Abstract:
The effects of soil water availability on gas exchange characteristics and water consumption of
seedlings of Camellia oleifera were analyzed, including the influence of different soil moisture gradients
and weather conditions. Photosynthetic characteristics, water consumption and environmental factors
related to the growth of seedlings were measured in the field with a Li-6400 portable photosynthesis
system, an electronic balance and a Hobo Weather Station in Hunan Province of southern China. Four
soil water gradients were analyzed, i. e. W1 (soil moisture content was set at 95% - 100% of field
capacity (FC)), W2 (80% -85% of FC), W3 (65% -70% of FC) and W4 (45% -55% of FC);
for each of these four treatments, we measured the diurnal courses of stomatal conductance (Gs ), net
photosynthetic rate (Pn ), and transpiration (Tr ). Gs, Pn and Tr were graphed and showed unimodal
curves. Pn and Gs peaked in 10:00 to 12:00, and Tr and water consumption peaked in 12:00 to 14:00.
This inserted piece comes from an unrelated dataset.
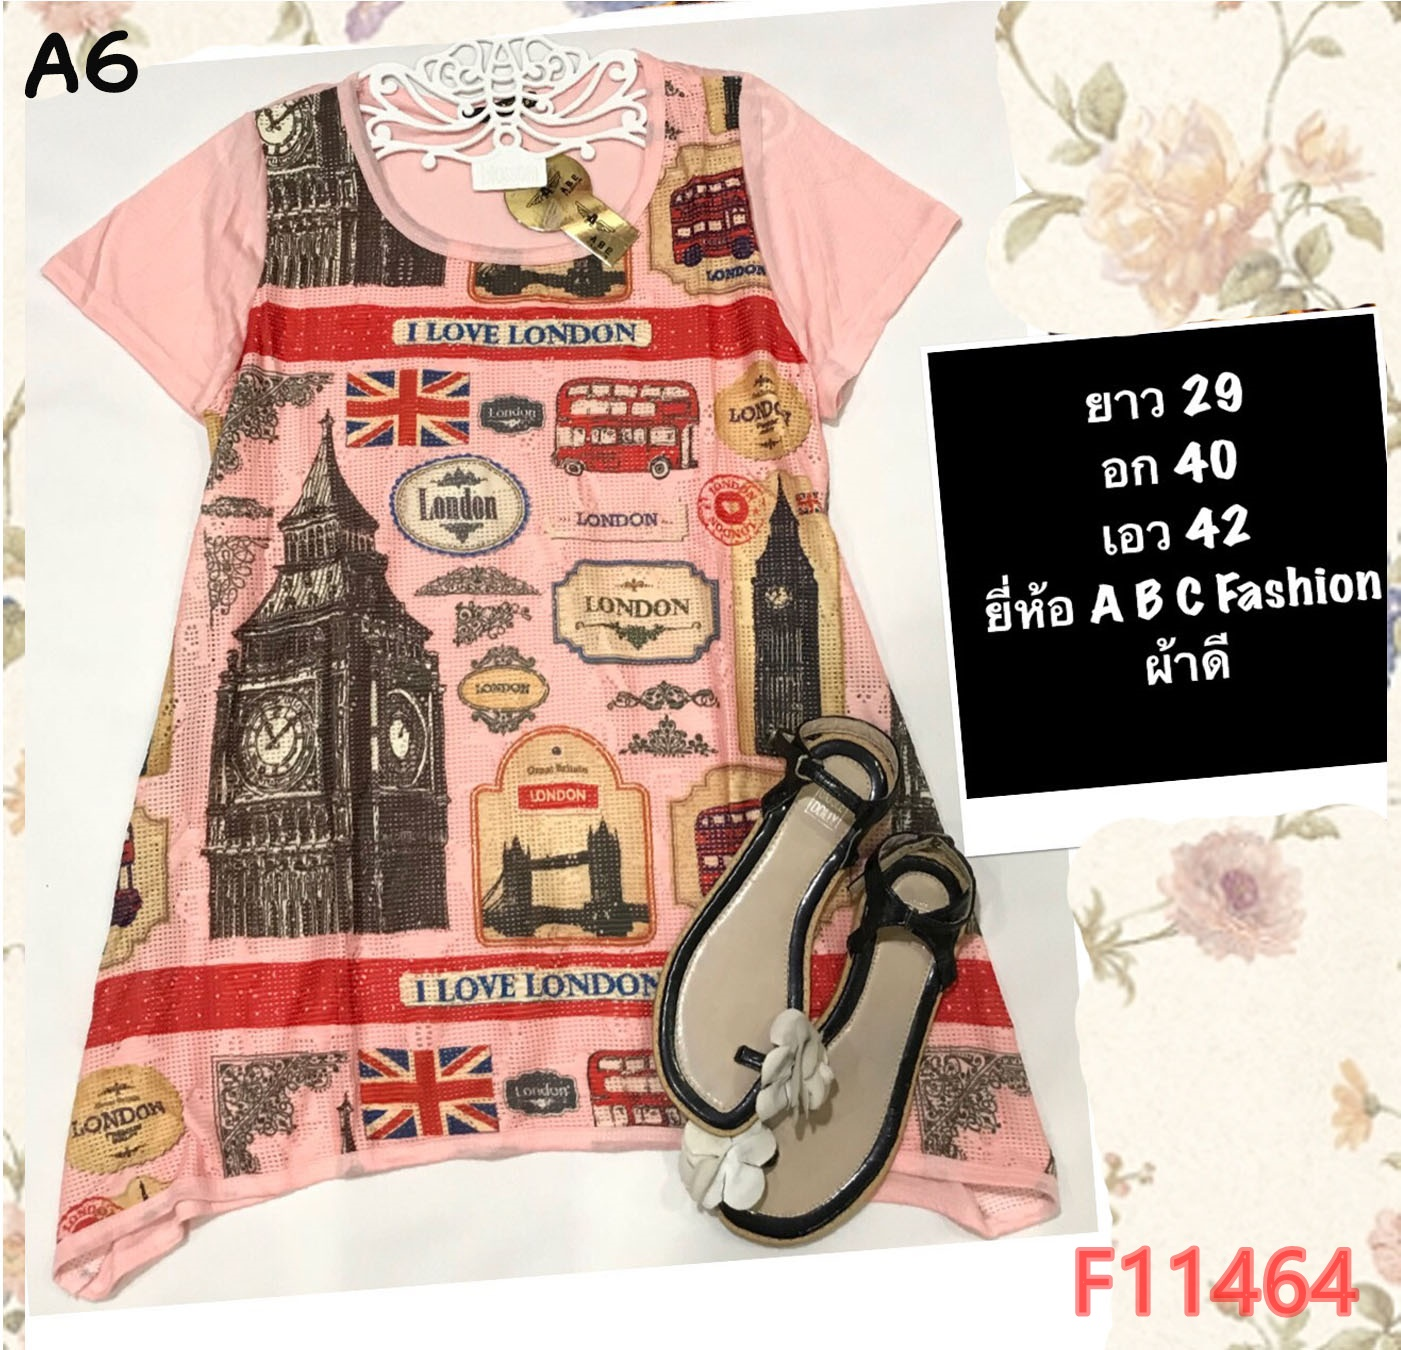 F11464 เสื้อยืดคอตตอนฉลุลาย ยี่ห้อ ABC Fashion สีโอรส

During the study period, Pn and Gs for each treatment were W2 W1 W3 W4. Under the W4
treatment, Pn, Gs, and water consumption reduced greatly, the peaks of above were lower than observed
in the other treatments with more soil moisture, and low soil moisture in W4 prevented the natural growth
of seedlings. Intrinsic water use efficiency decreased significantly during the W4 treatment. Our results
indicated that the W2 treatment was more suitable for seedling growth because seedling productivity was
greater under W2 than under W3 conditions. The maximum water consumption rate of seedling leaves was
153.7 g/(m2hour) and their average daily water consumption rate was 85.3 g/(m2hour) with adequate
water. Weather conditions and soil moisture had a combined effect on the water consumption of seedlings.
When soil moisture changed from high to low, water consumption of unit leaf area decreased unevenly,
and its diurnal course became flat, which may be a result of the reduction of soil water availability or
existence of a critical moisture point, which limits the seedling growth.